# Tour de Arrowhead



## octobahn (May 30, 2012)

Anyone looking at this ride for late August? How bad are the climbs? I've only driven up to Arrowhead ever and there was no ride map available that I could find on their site.


----------



## octobahn (May 30, 2012)

Sorry the ride is Tour de Lake Arrowhead. Looks like a great challenge.


----------



## Brandon351 (Oct 28, 2010)

Looks like fun. Lake Arrowhead is prob my favorite place to ride.


----------



## Brandon351 (Oct 28, 2010)

I just re-red your post and saw you asked about the climbs. I'm not sure what they will be like as I also could not find a ride map. 

From my experiences, I know that around the lake it's very flat, little to no traffic, with great weather and even greater views. 
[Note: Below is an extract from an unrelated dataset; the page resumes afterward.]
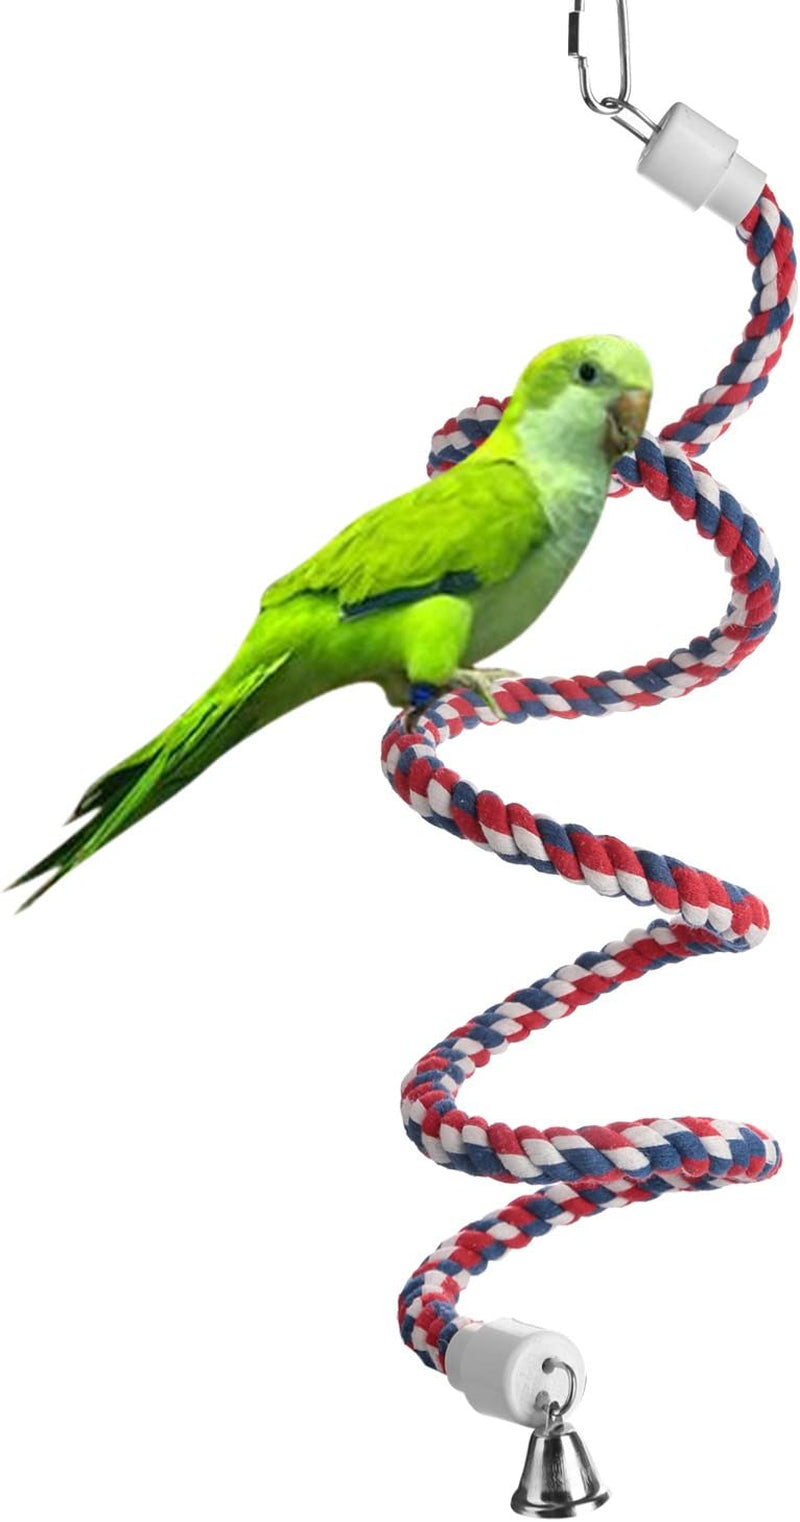 Aigou Bird Rope Perch,Spiral Cotton Parrot Swing Climbing Standing Bird Toys with Bell (Small - 52 Inch)
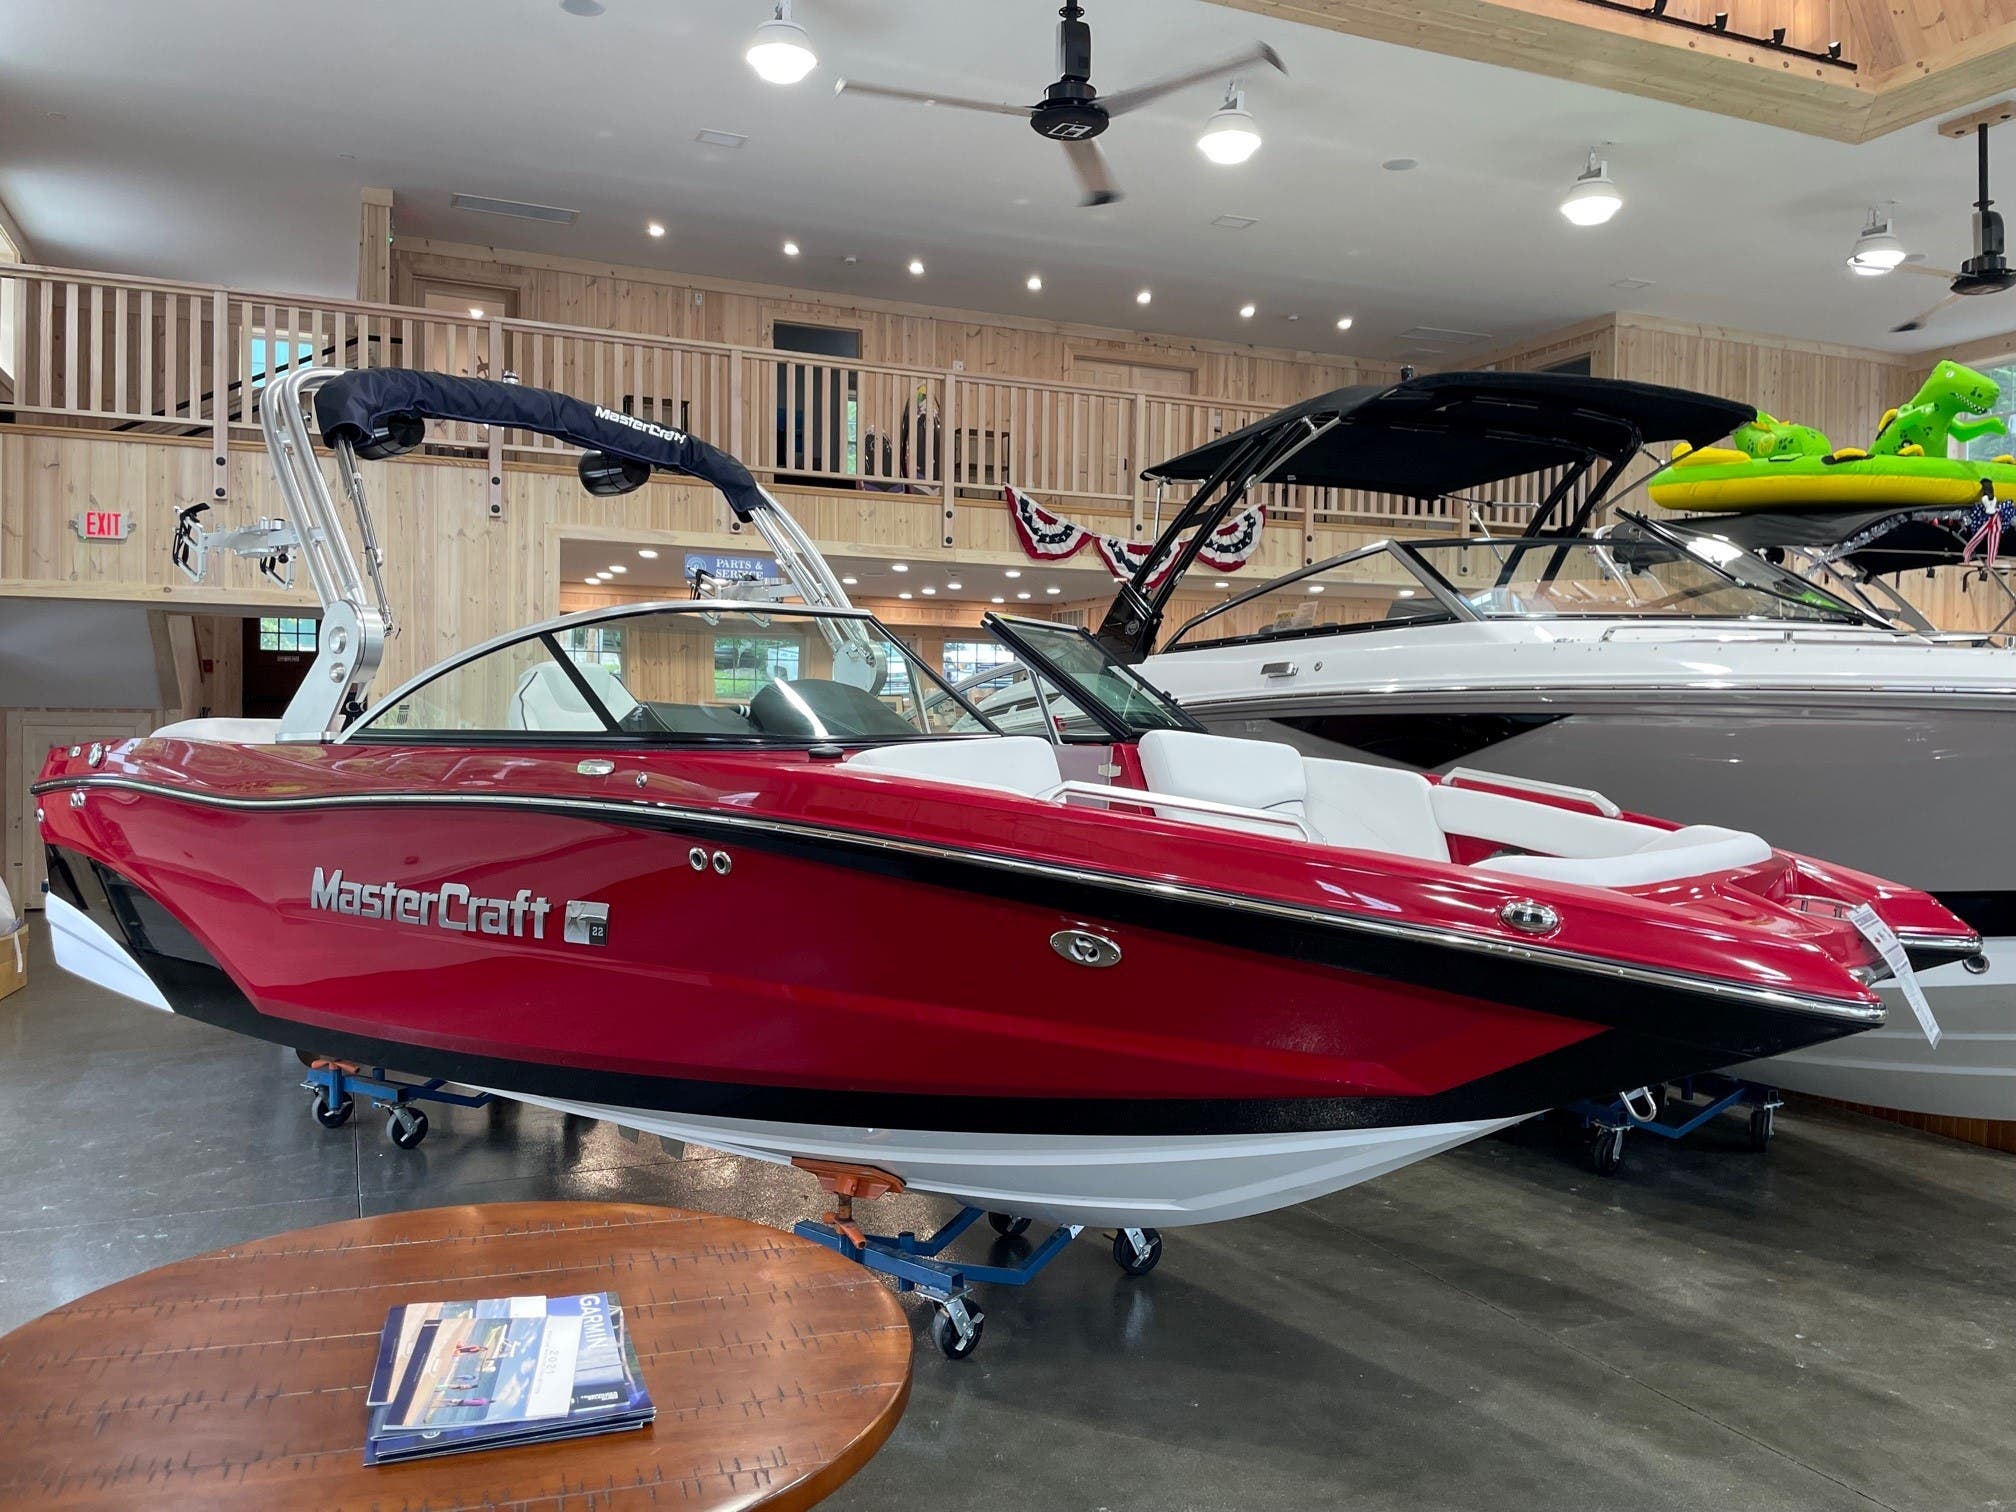 Mastercraft Xt22 boats for sale

But if you go on the roads just outside of the lake there are some mean hills. But they have the best views which take your mind off your legs yelling at you.


----------



## octobahn (May 30, 2012)

Brandon, I was just up in Arrowhead this past weekend. The climbs in the surrounding areas are pretty gnarly. The views are unbeatable which will help take the mind off the intense workout as you said, and probably help tune out the roaring traffic! I don't know, guess I have to ride it to know for sure but the traffic and lack of shoulders in parts are a bit intense for me.


----------